> **SUPPLIED INFORMATION**
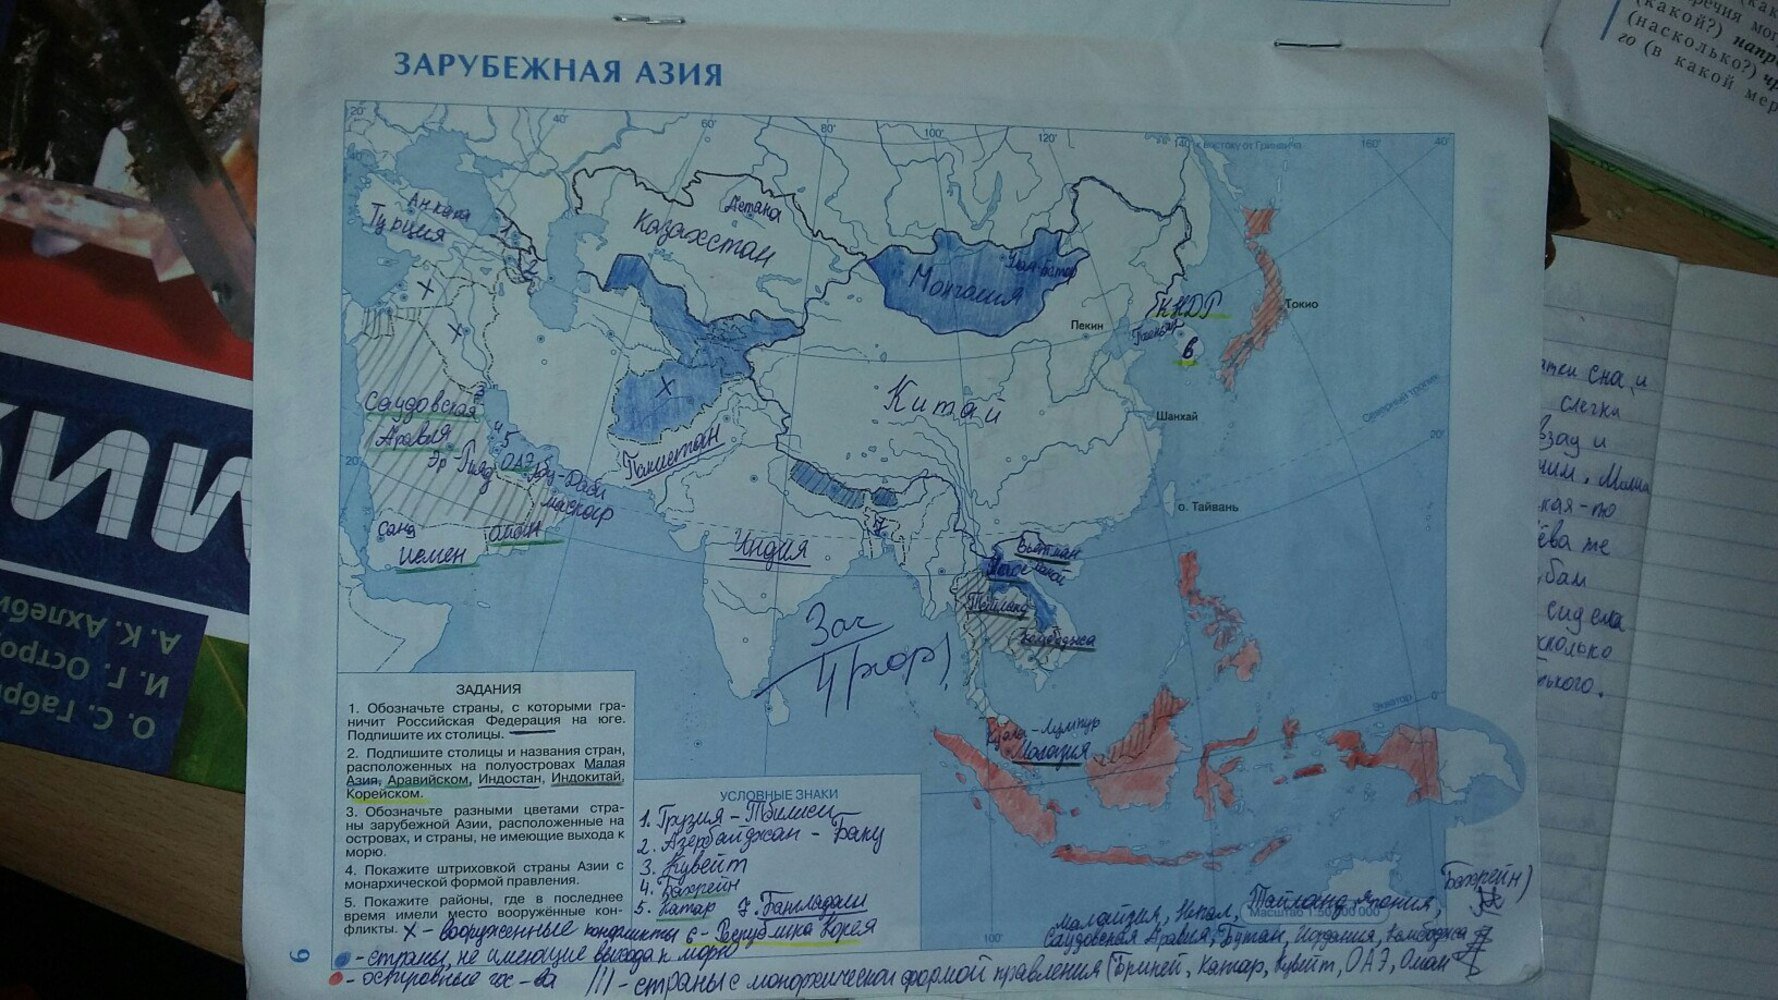 Гдз контурные карты по географии 10-11 класс зарубежная Азия
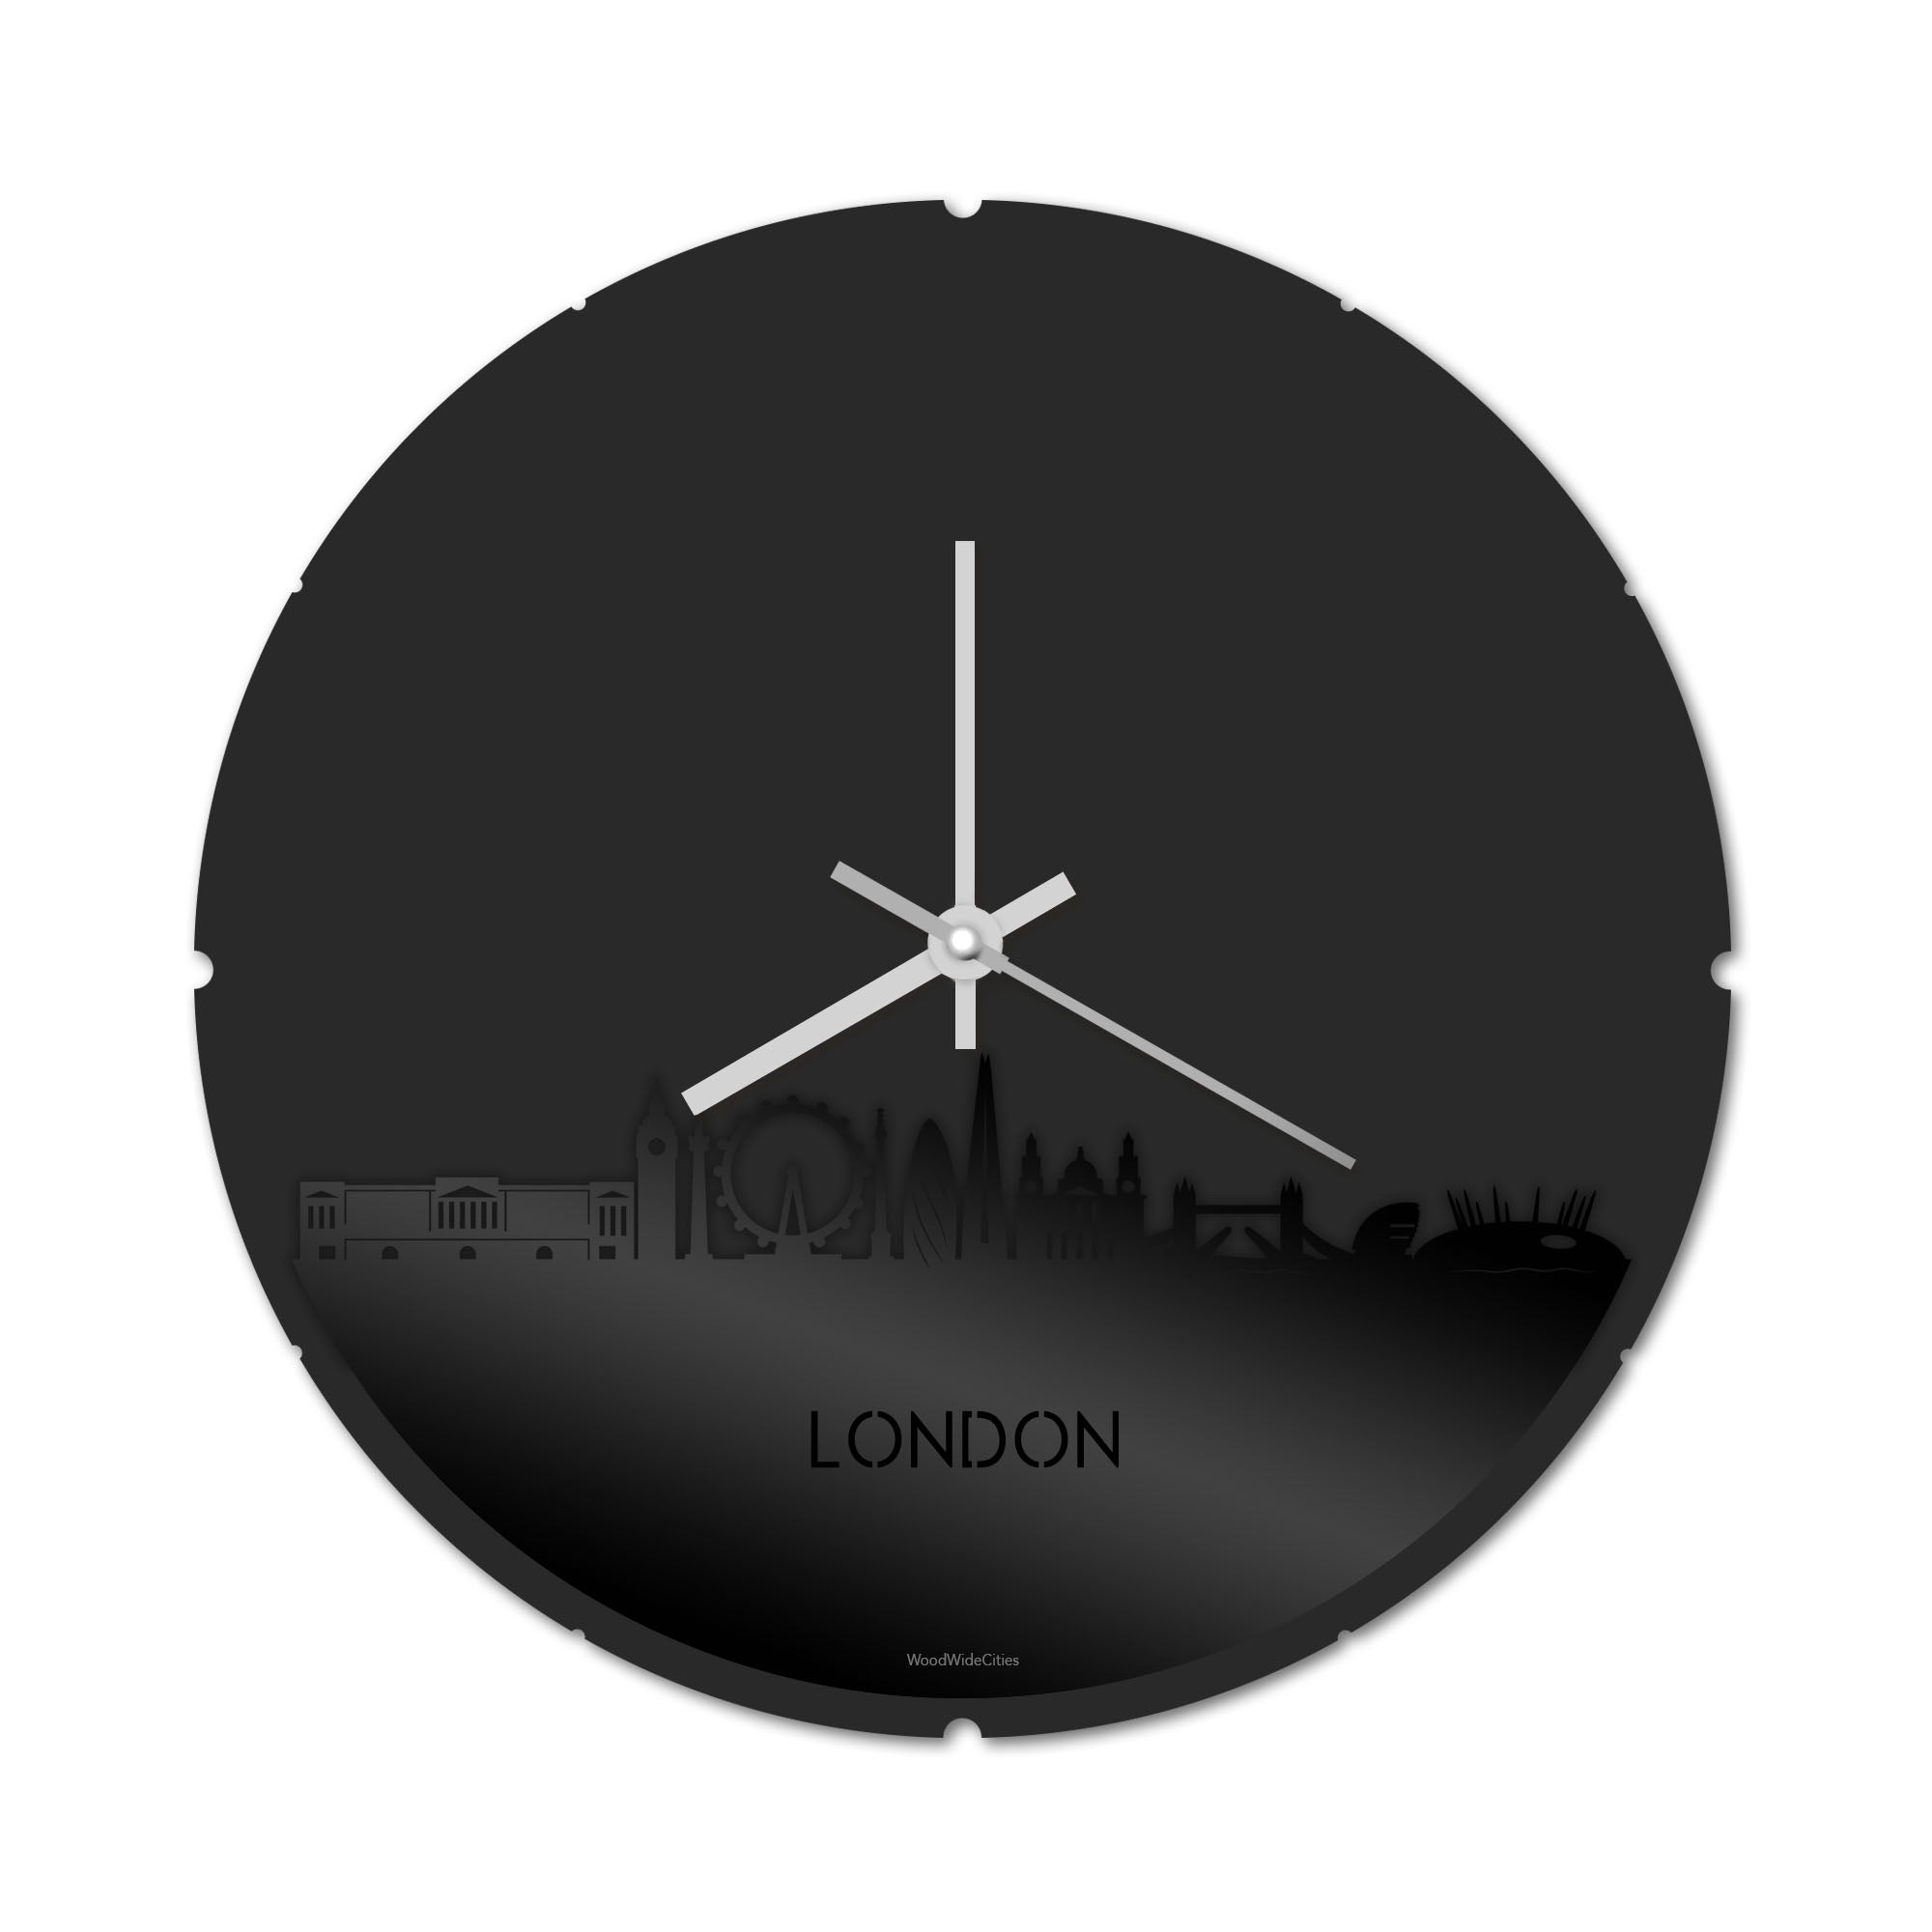 Skyline Klok Rond London Zwart glanzend gerecycled kunststof cadeau decoratie relatiegeschenk van WoodWideCities
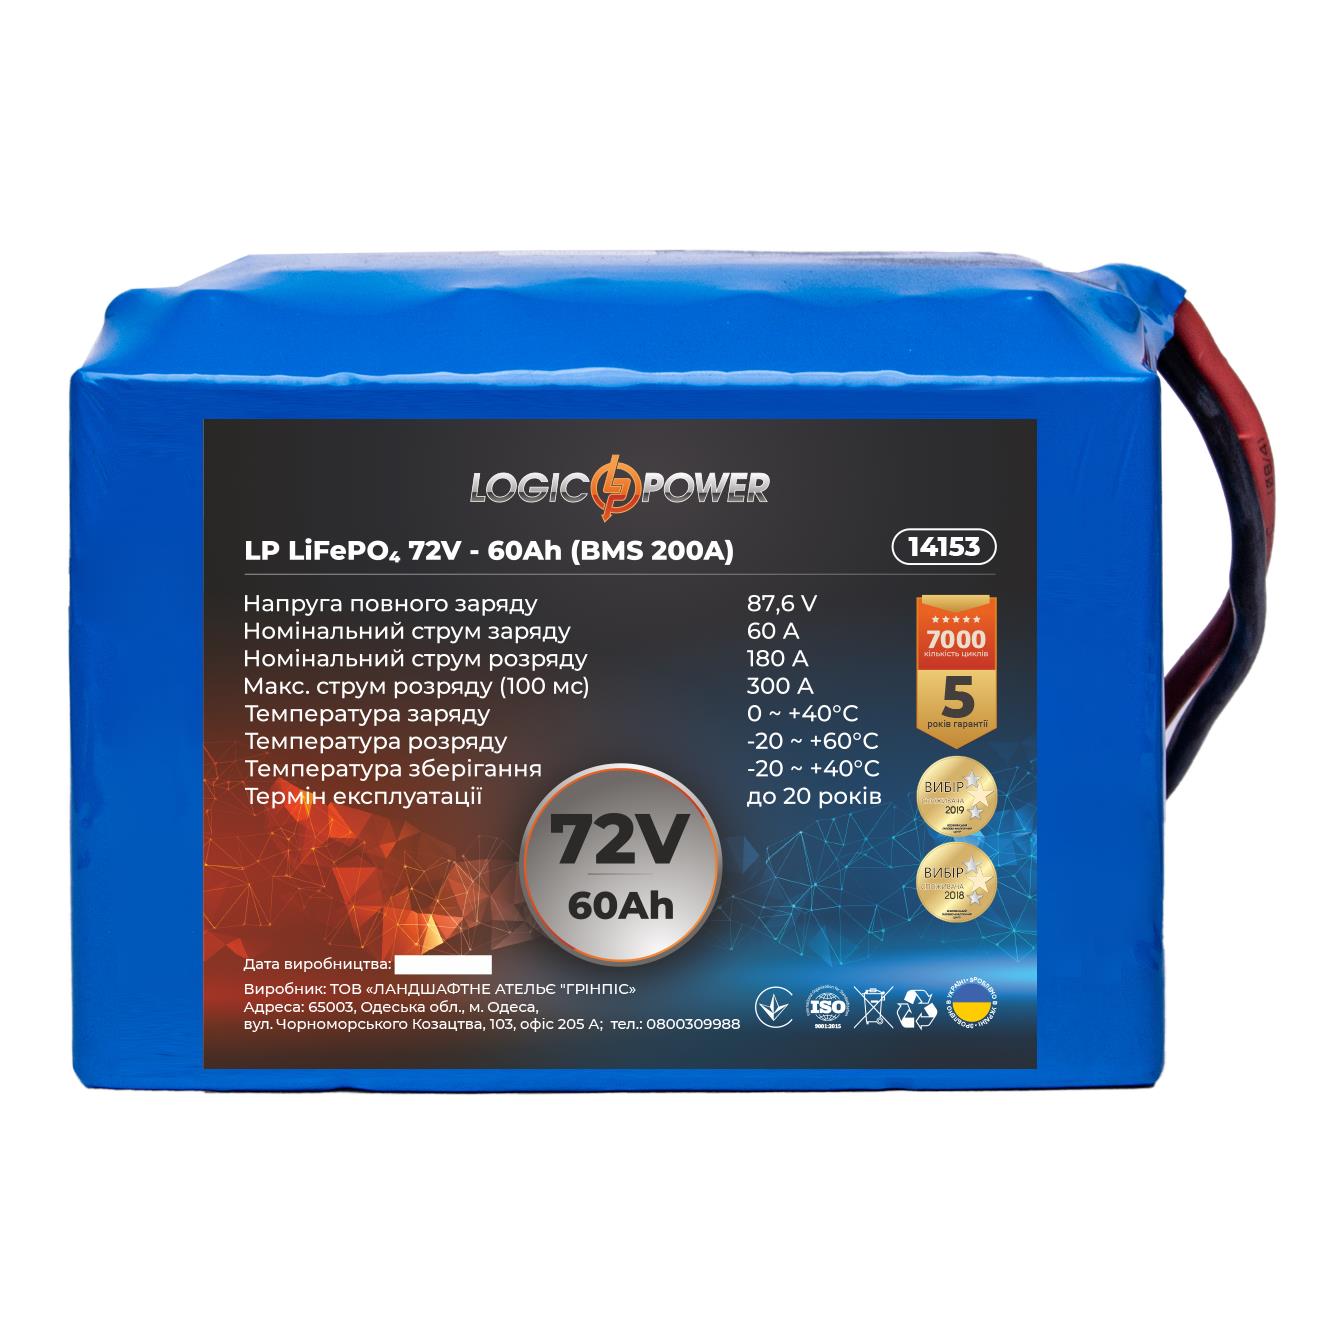 Аккумулятор литий-железо-фосфатный LogicPower LP LiFePO4 72V - 60 Ah (BMS 200A) (14153) в интернет-магазине, главное фото

> **ASSIGNMENT**
Write out exactly the lines from the one that contains "Skyline Klok Rond" through the last line of the data above, both included. Leave every picture out.

> **ANSWER TO THIS PROBLEM**
 Skyline Klok Rond London Zwart glanzend gerecycled kunststof cadeau decoratie relatiegeschenk van WoodWideCities
 Аккумулятор литий-железо-фосфатный LogicPower LP LiFePO4 72V - 60 Ah (BMS 200A) (14153) в интернет-магазине, главное фото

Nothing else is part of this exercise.